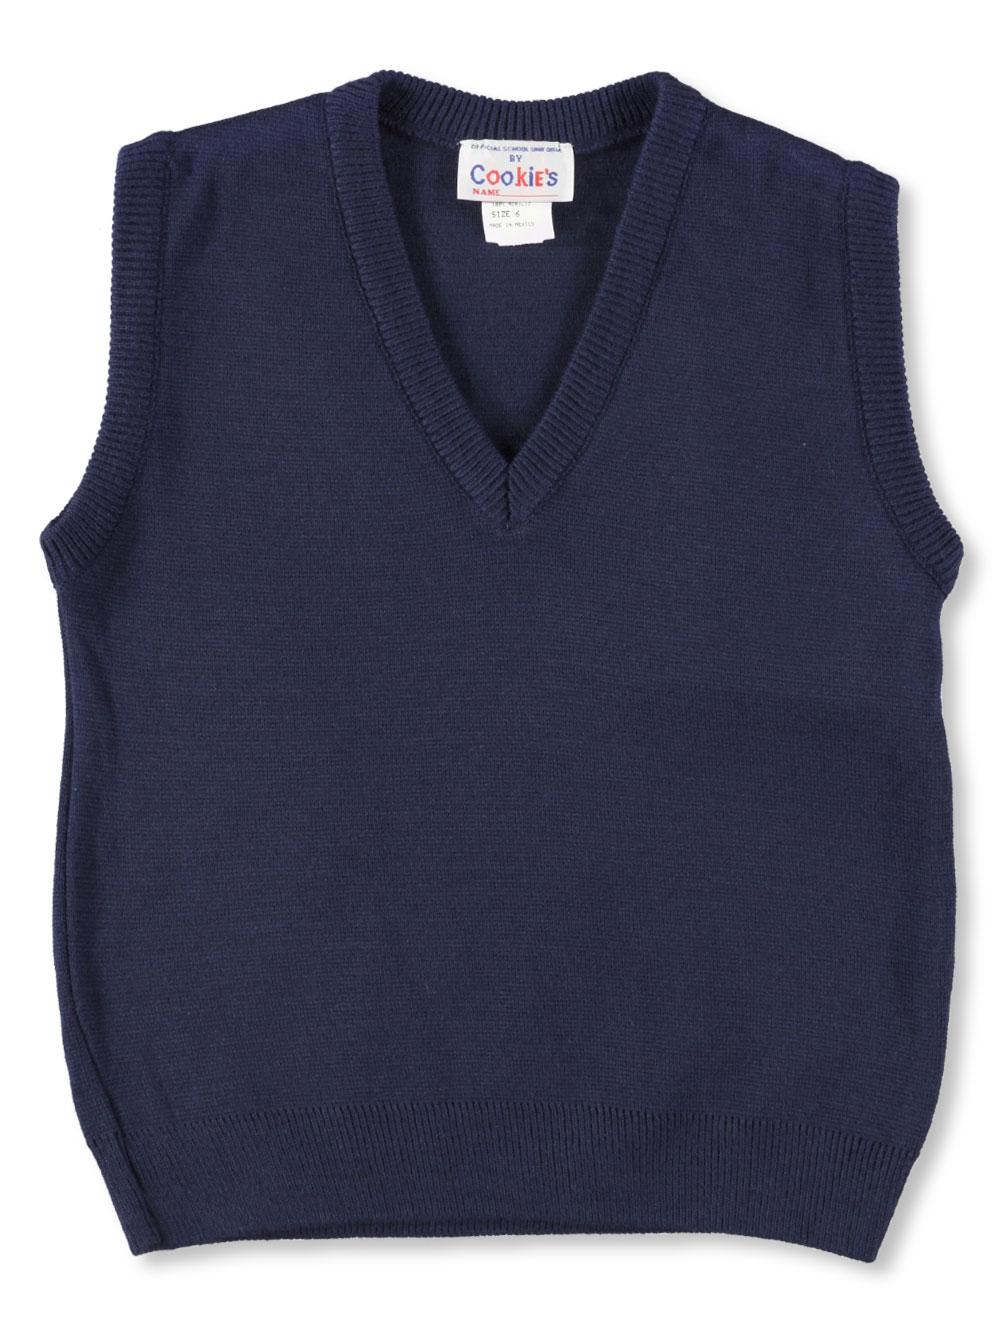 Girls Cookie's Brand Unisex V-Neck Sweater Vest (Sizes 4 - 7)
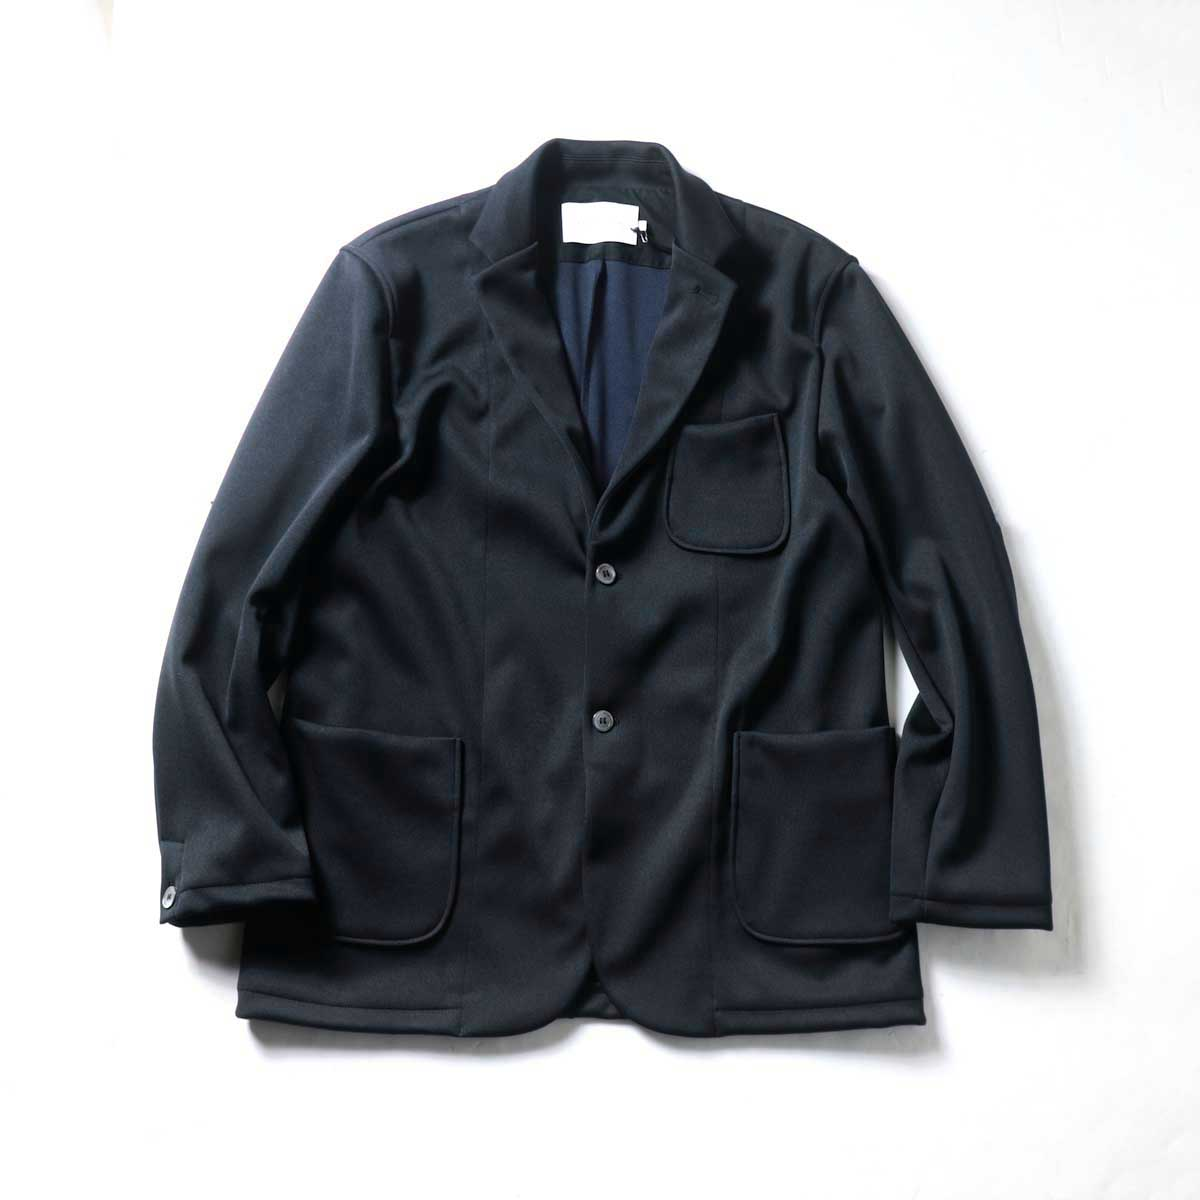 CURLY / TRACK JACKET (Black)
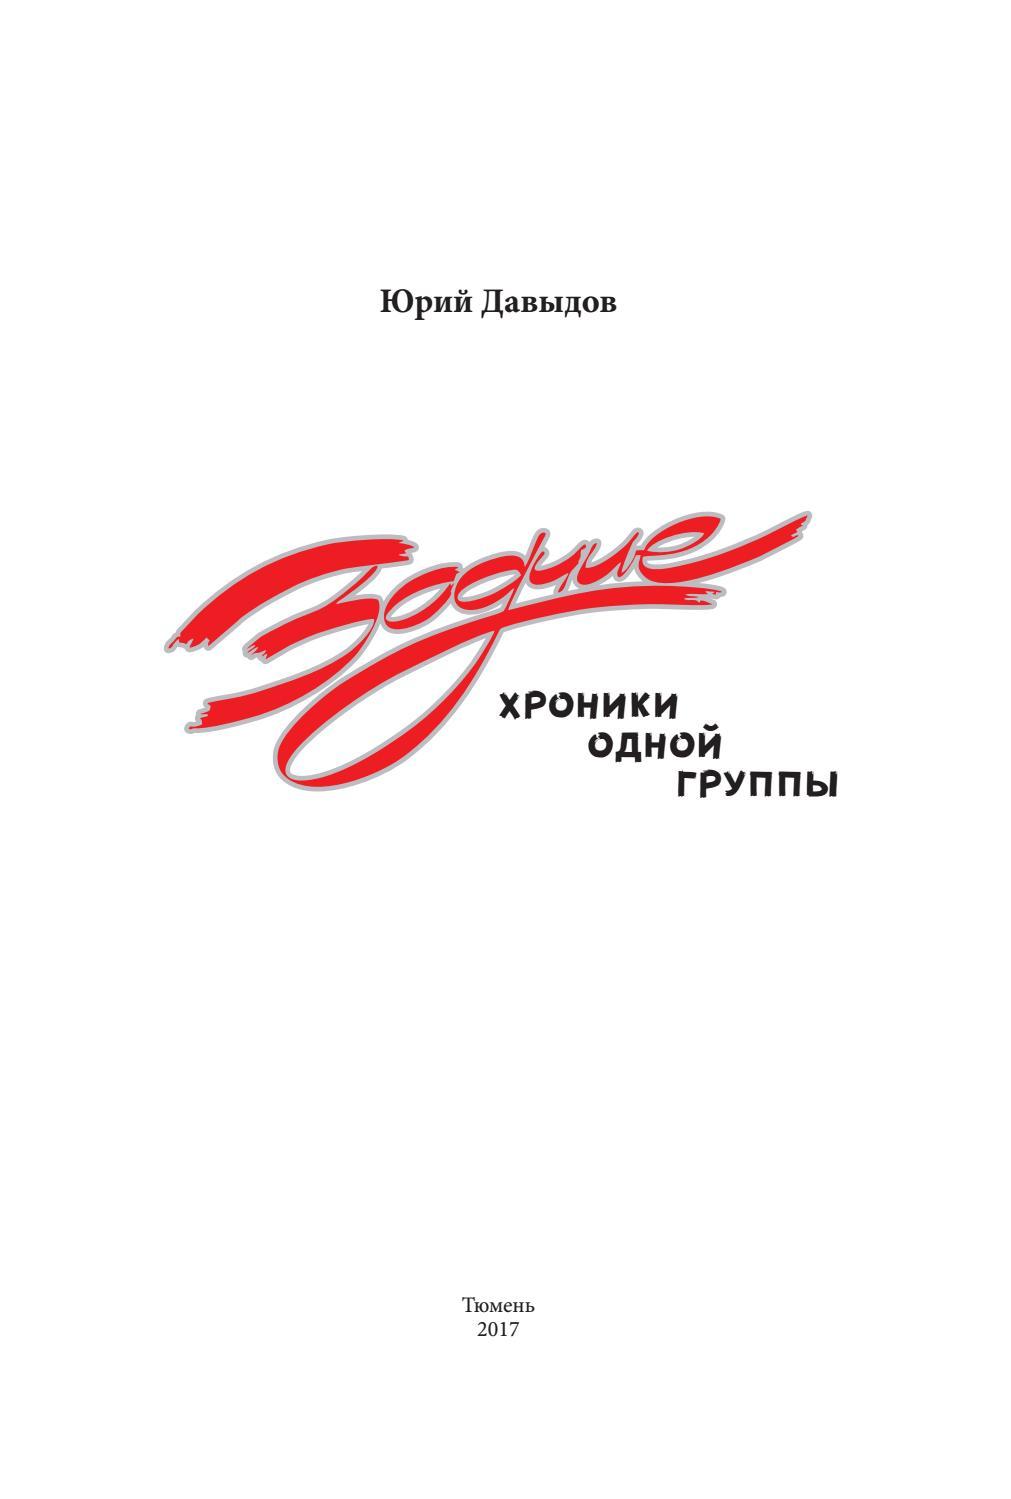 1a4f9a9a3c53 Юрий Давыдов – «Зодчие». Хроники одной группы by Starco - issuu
------------------------------------------------
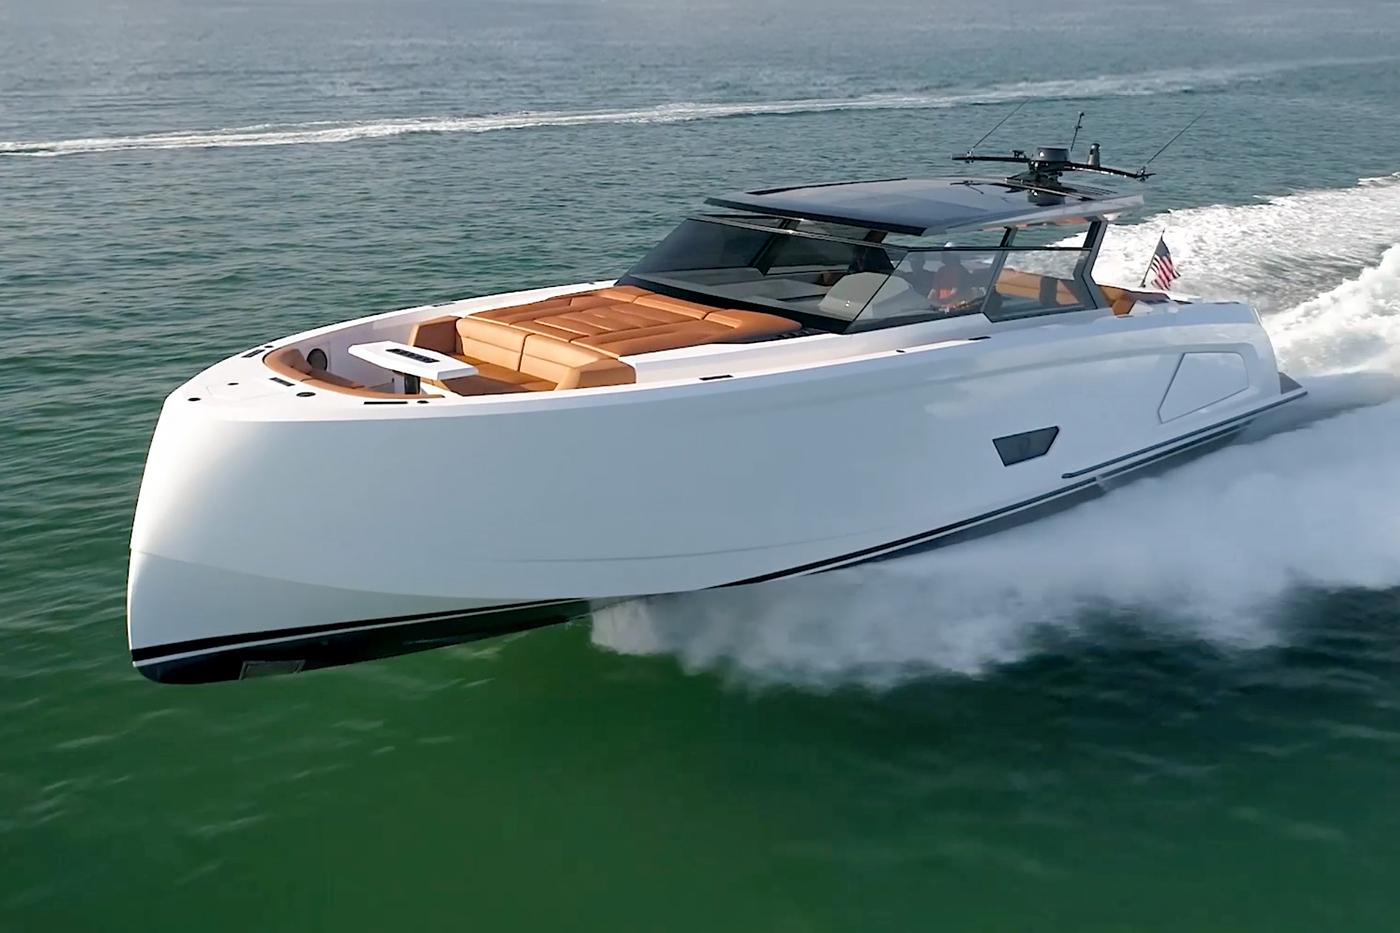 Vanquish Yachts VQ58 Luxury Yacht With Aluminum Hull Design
------------------------------------------------
ASSIGNED TASK →
An exact copy of the lines above from the one with "Girls Cookie's Brand" up to and including the one with "1a4f9a9a3c53 Юрий Давыдов" is required; reproduce only those lines, omitting all pictures.

ANSWER TO THIS EXERCISE →
 Girls Cookie's Brand Unisex V-Neck Sweater Vest (Sizes 4 - 7)
 CURLY / TRACK JACKET (Black)
 1a4f9a9a3c53 Юрий Давыдов – «Зодчие». Хроники одной группы by Starco - issuu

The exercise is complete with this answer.